# Task directions
Everything in the data below except the pictures must be repeated word for word.

--- Recorded data ---

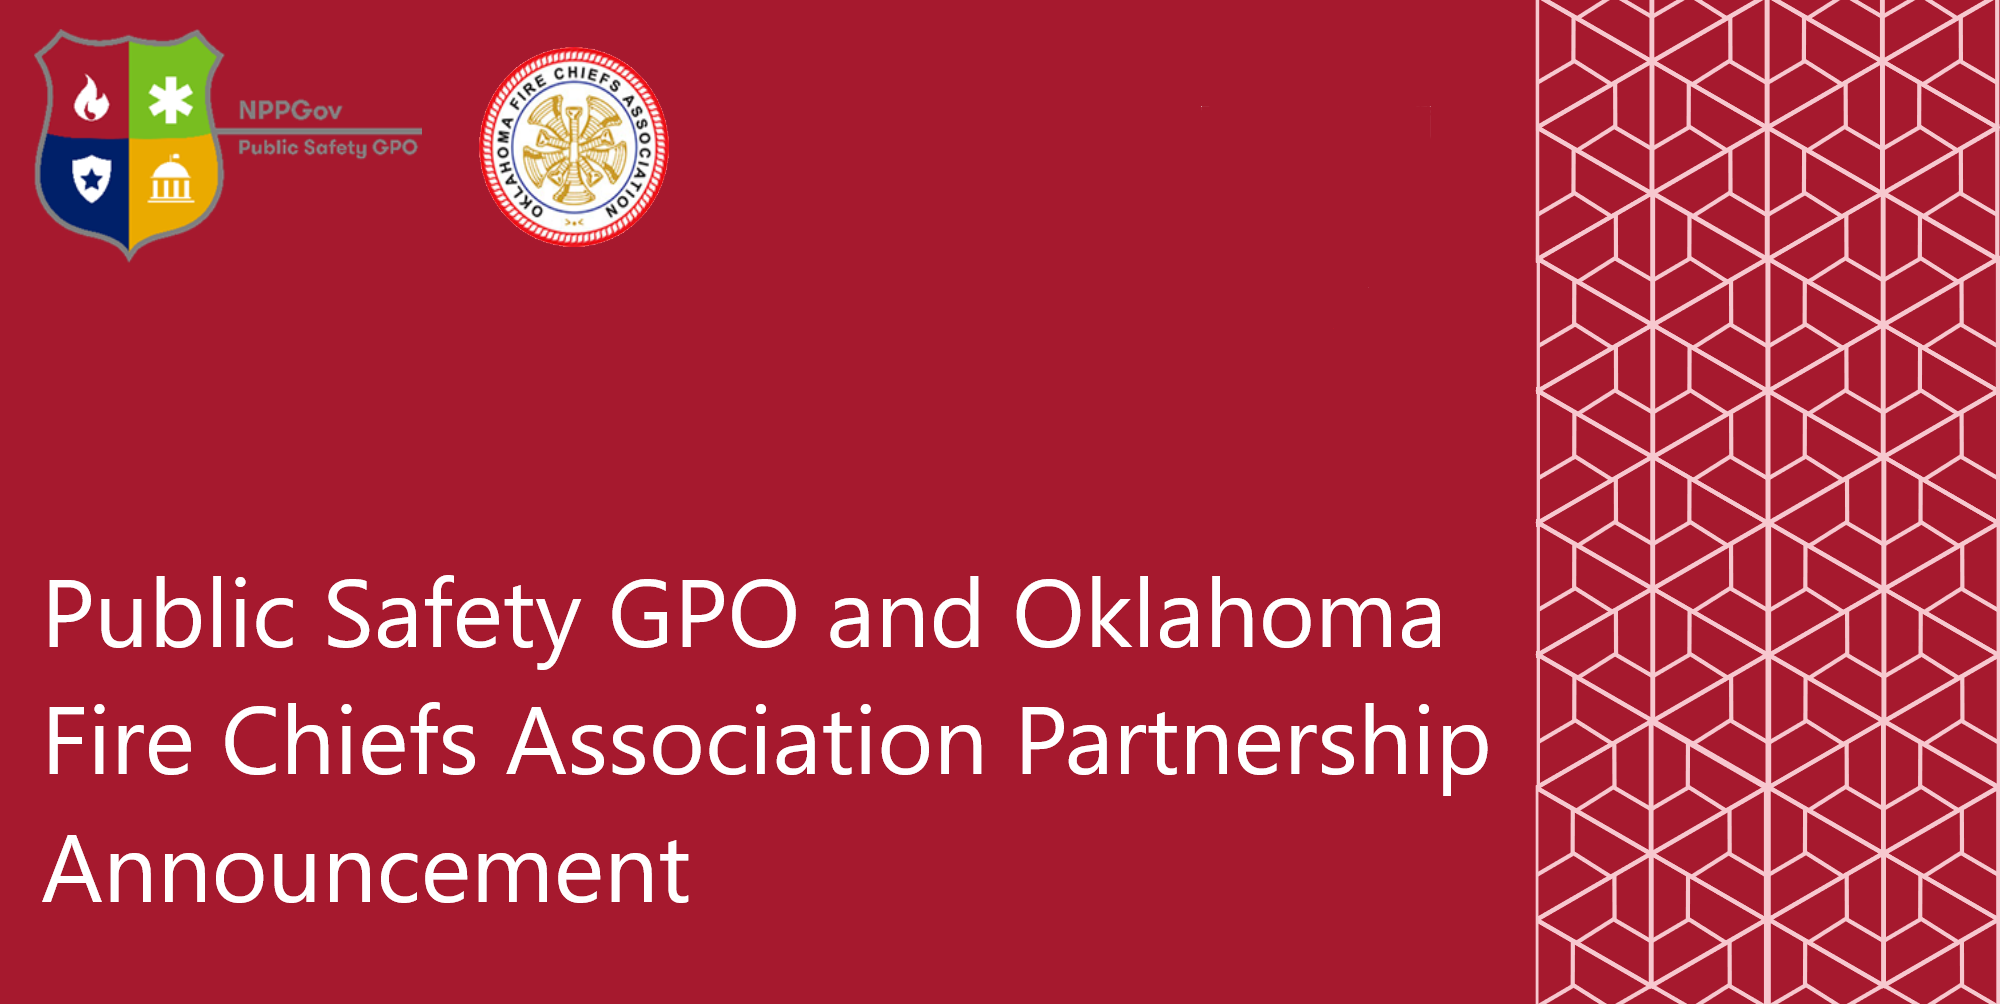 Oklahoma Fire Chiefs Partnership Announcement
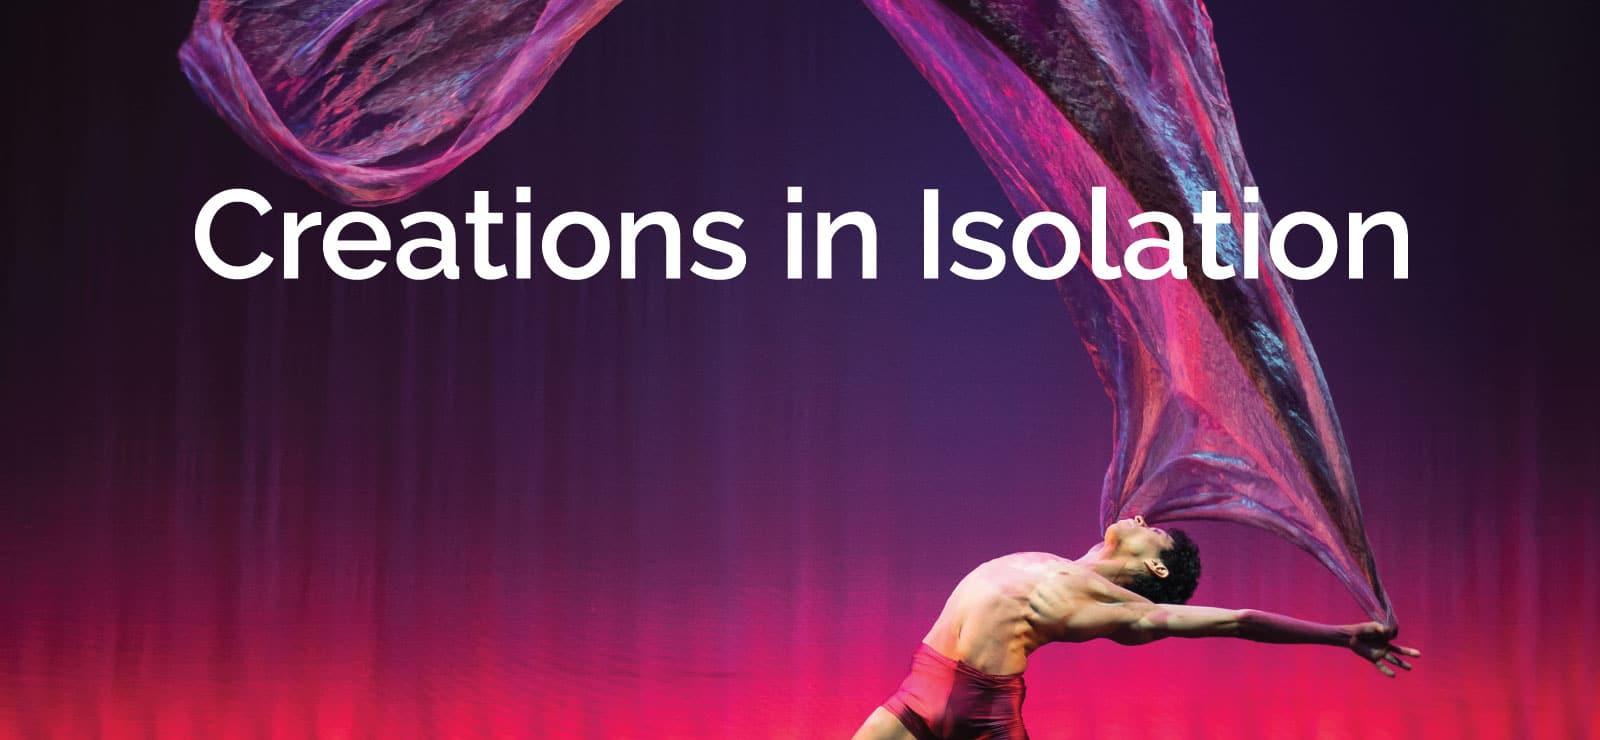 Ballet Jörgen Creations in Isolation Tour
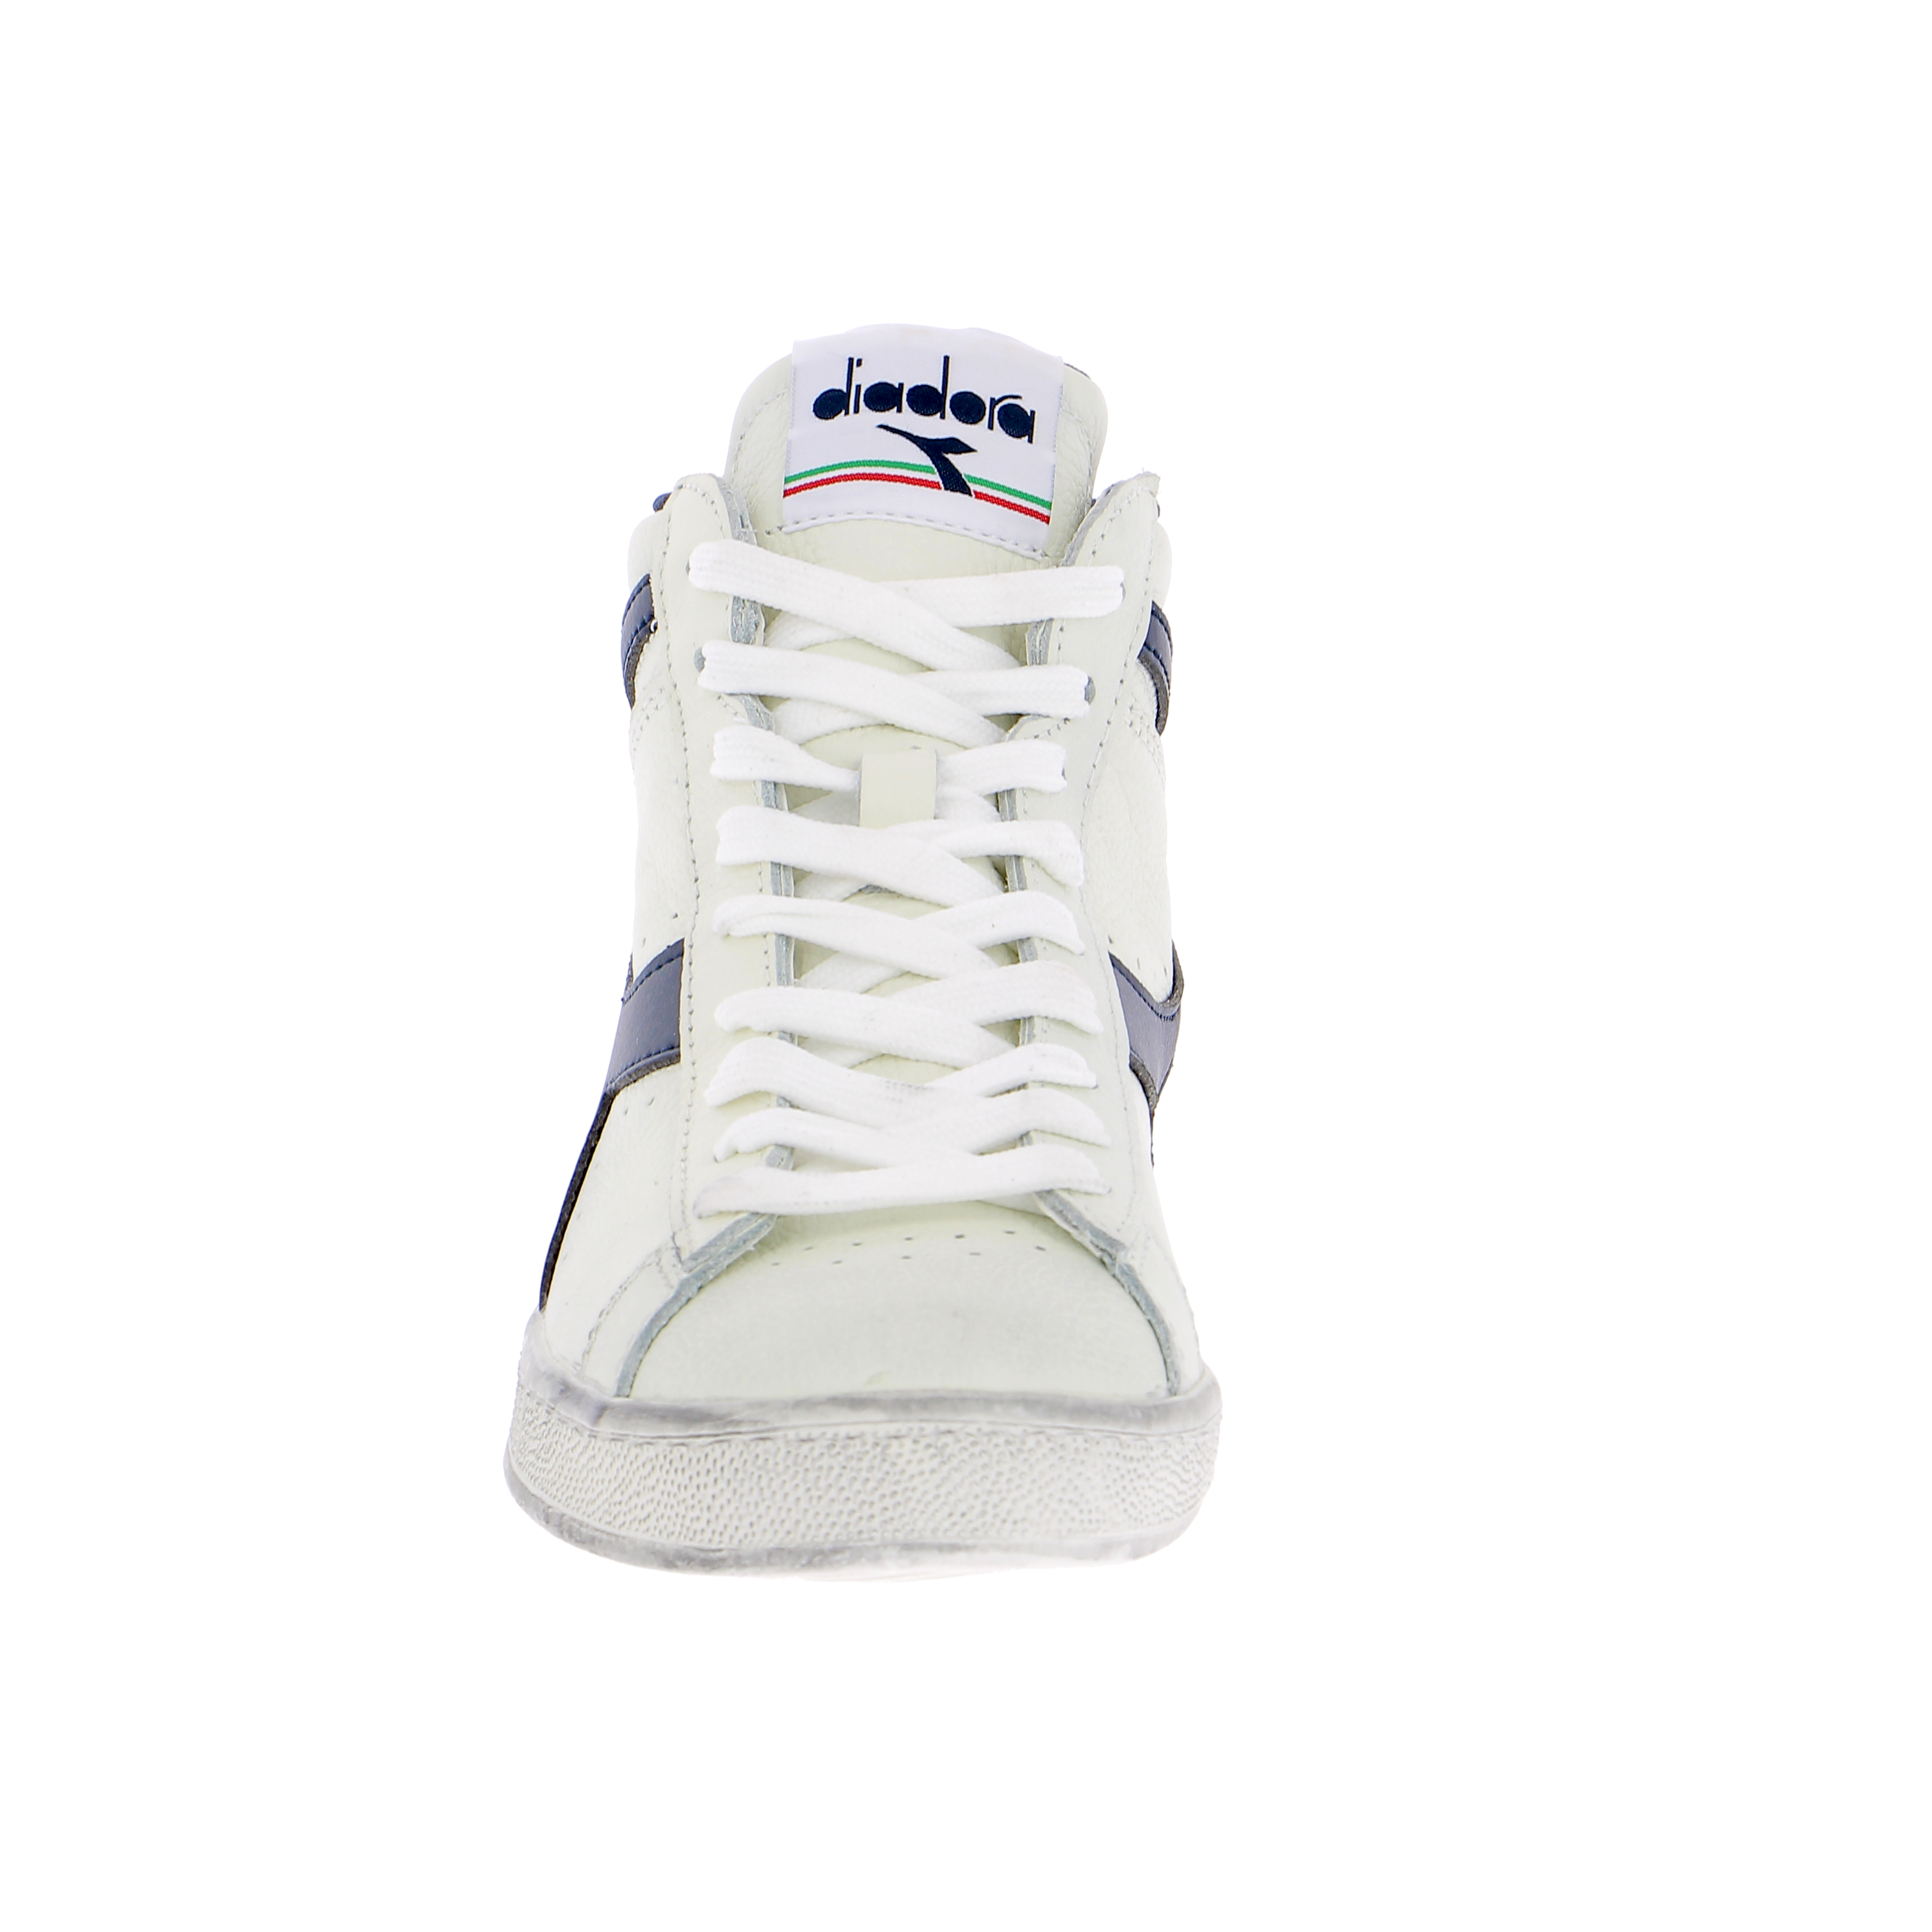 Diadora Basket bleu

---

# Task result
 Oklahoma Fire Chiefs Partnership Announcement
 Ballet Jörgen Creations in Isolation Tour
 Diadora Basket bleu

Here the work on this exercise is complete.